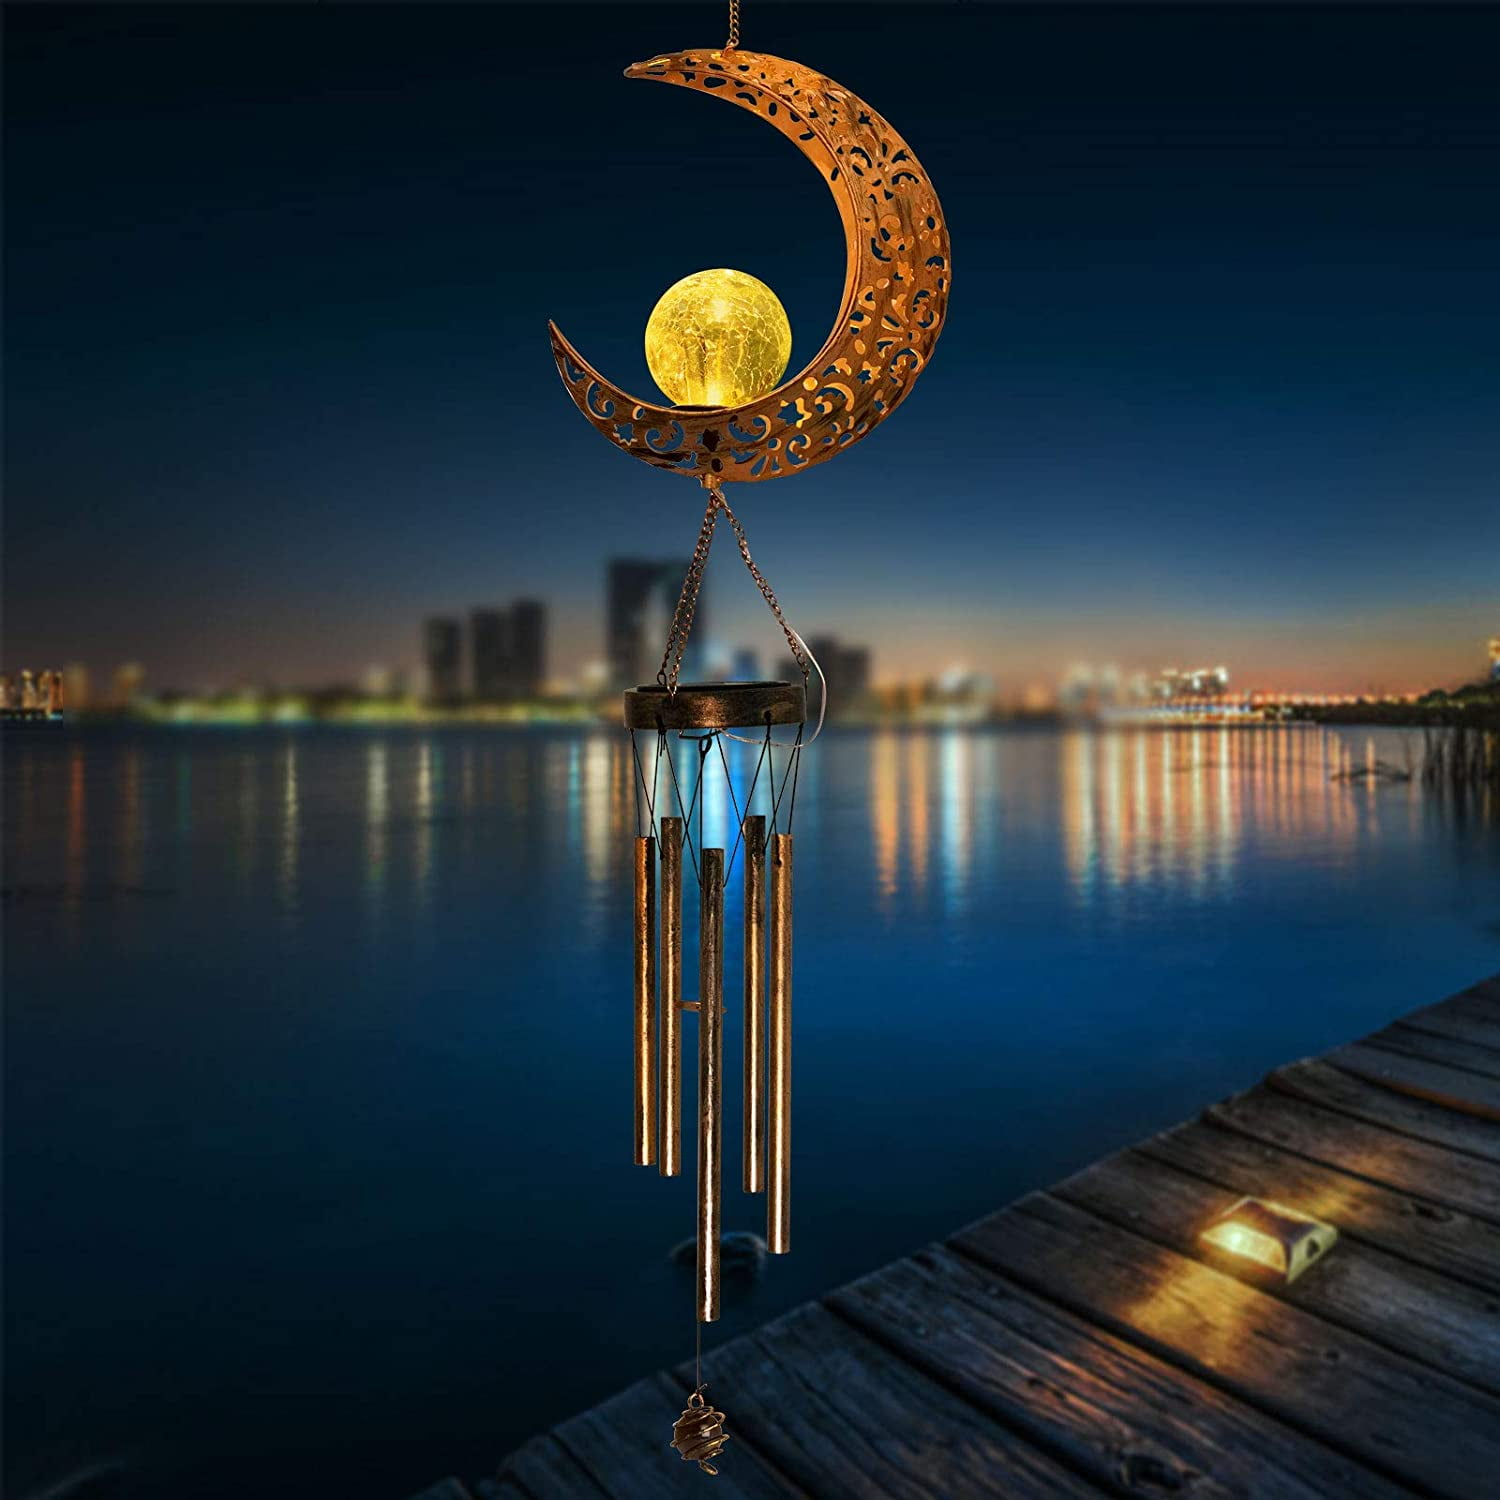 Moon Crackle Glass Ball Wind Chimes Solar Wind Chimes Moon Decor for Outside Outdoor Clearance Gardening Gifts Birthday Gifts for mom for Women Grandma giftsChristmas Decorations Christmas Light
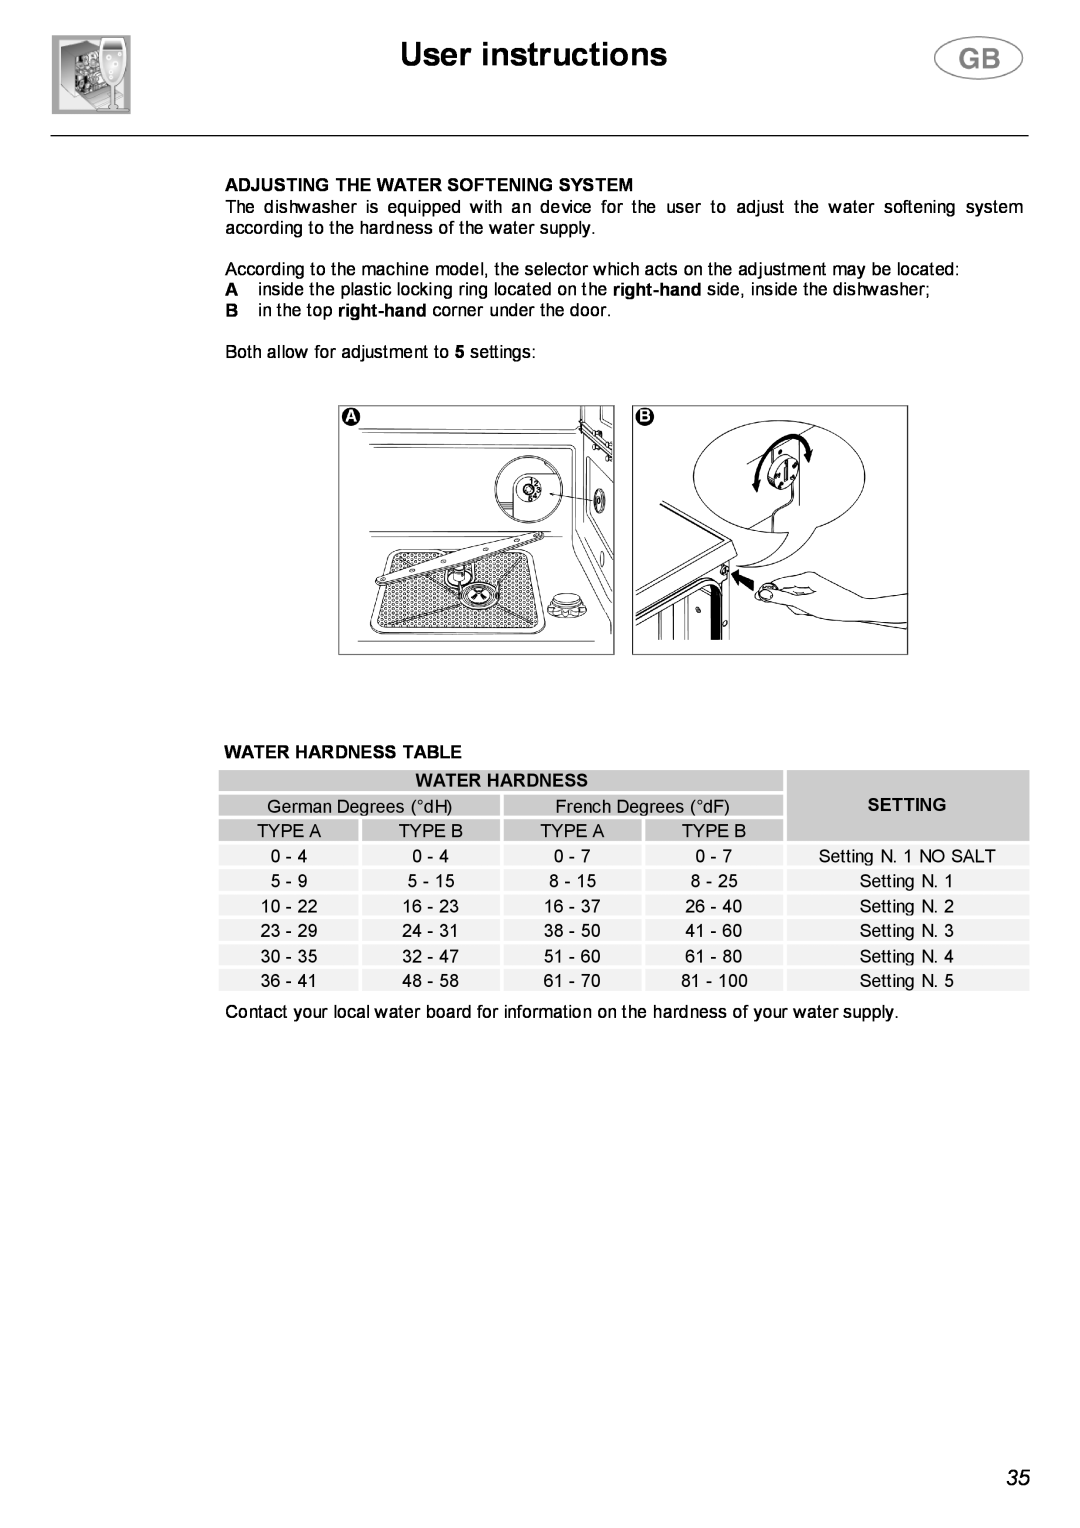 Smeg LVF32G instruction manual Adjusting The Water Softening System, Water Hardness Table, Setting, User instructions 
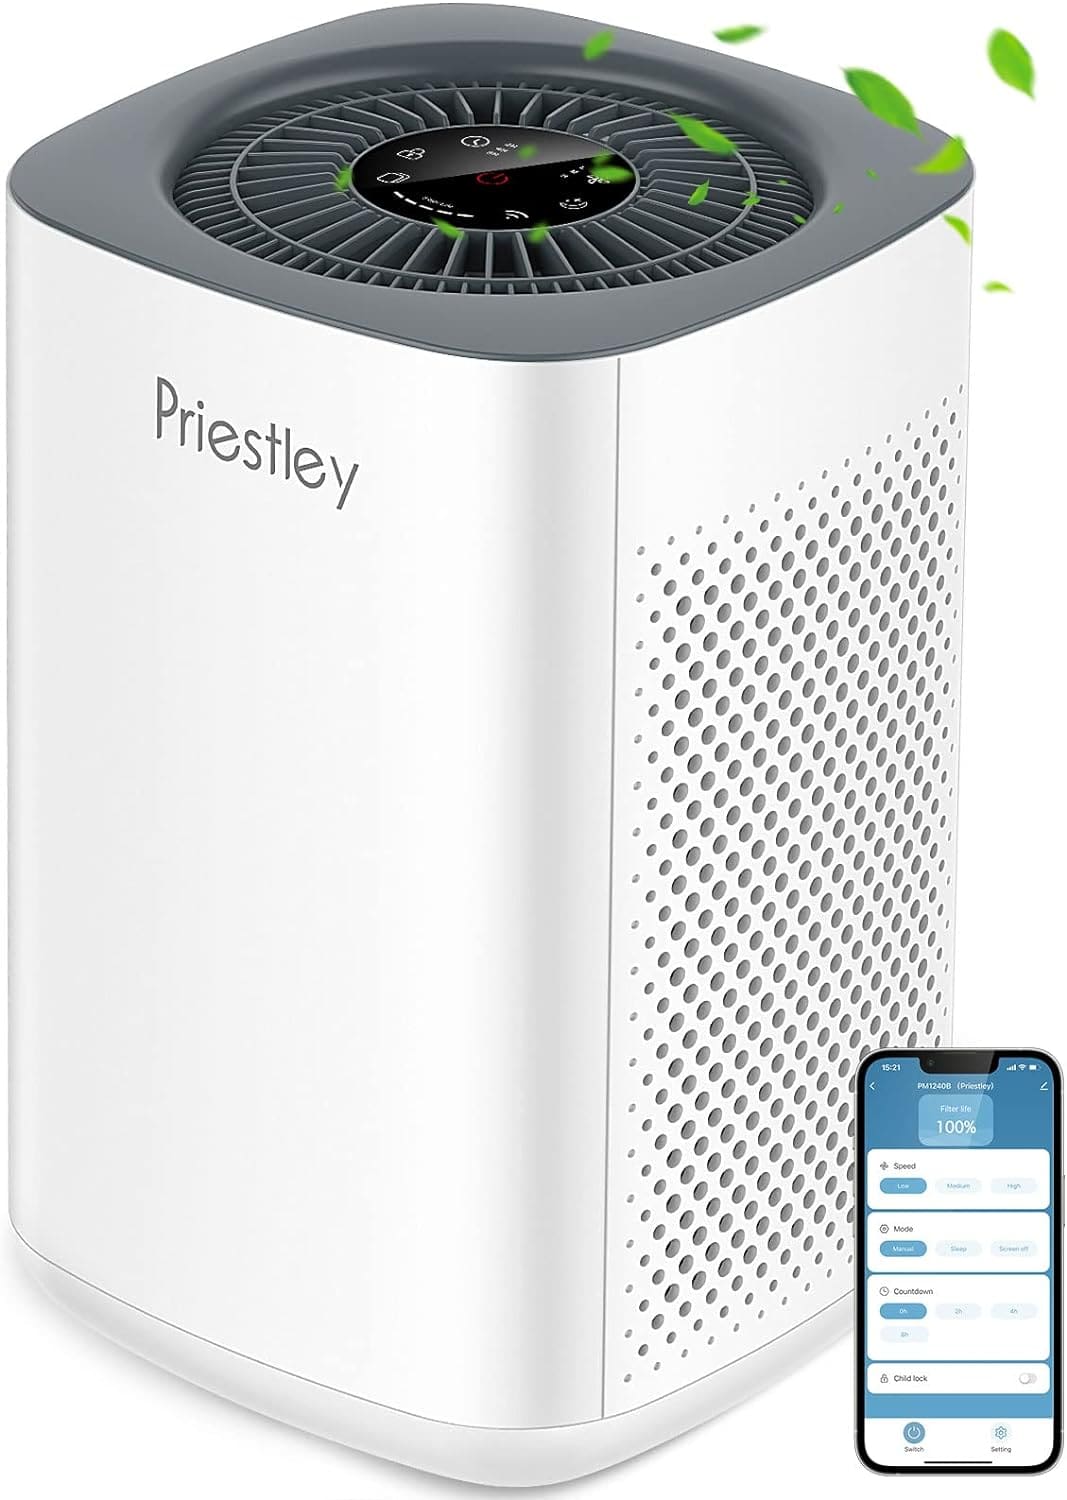 Priestley Air Purifier Review

=====

Retype all the material word for word while skipping any picture it contains.

▸ RESPONSE TO THIS EXERCISE:
 Moon Crackle Glass Ball Wind Chimes Solar Wind Chimes Moon Decor for Outside Outdoor Clearance Gardening Gifts Birthday Gifts for mom for Women Grandma giftsChristmas Decorations Christmas Light
 Smeg LVF32G instruction manual Adjusting The Water Softening System, Water Hardness Table, Setting, User instructions 
 Priestley Air Purifier Review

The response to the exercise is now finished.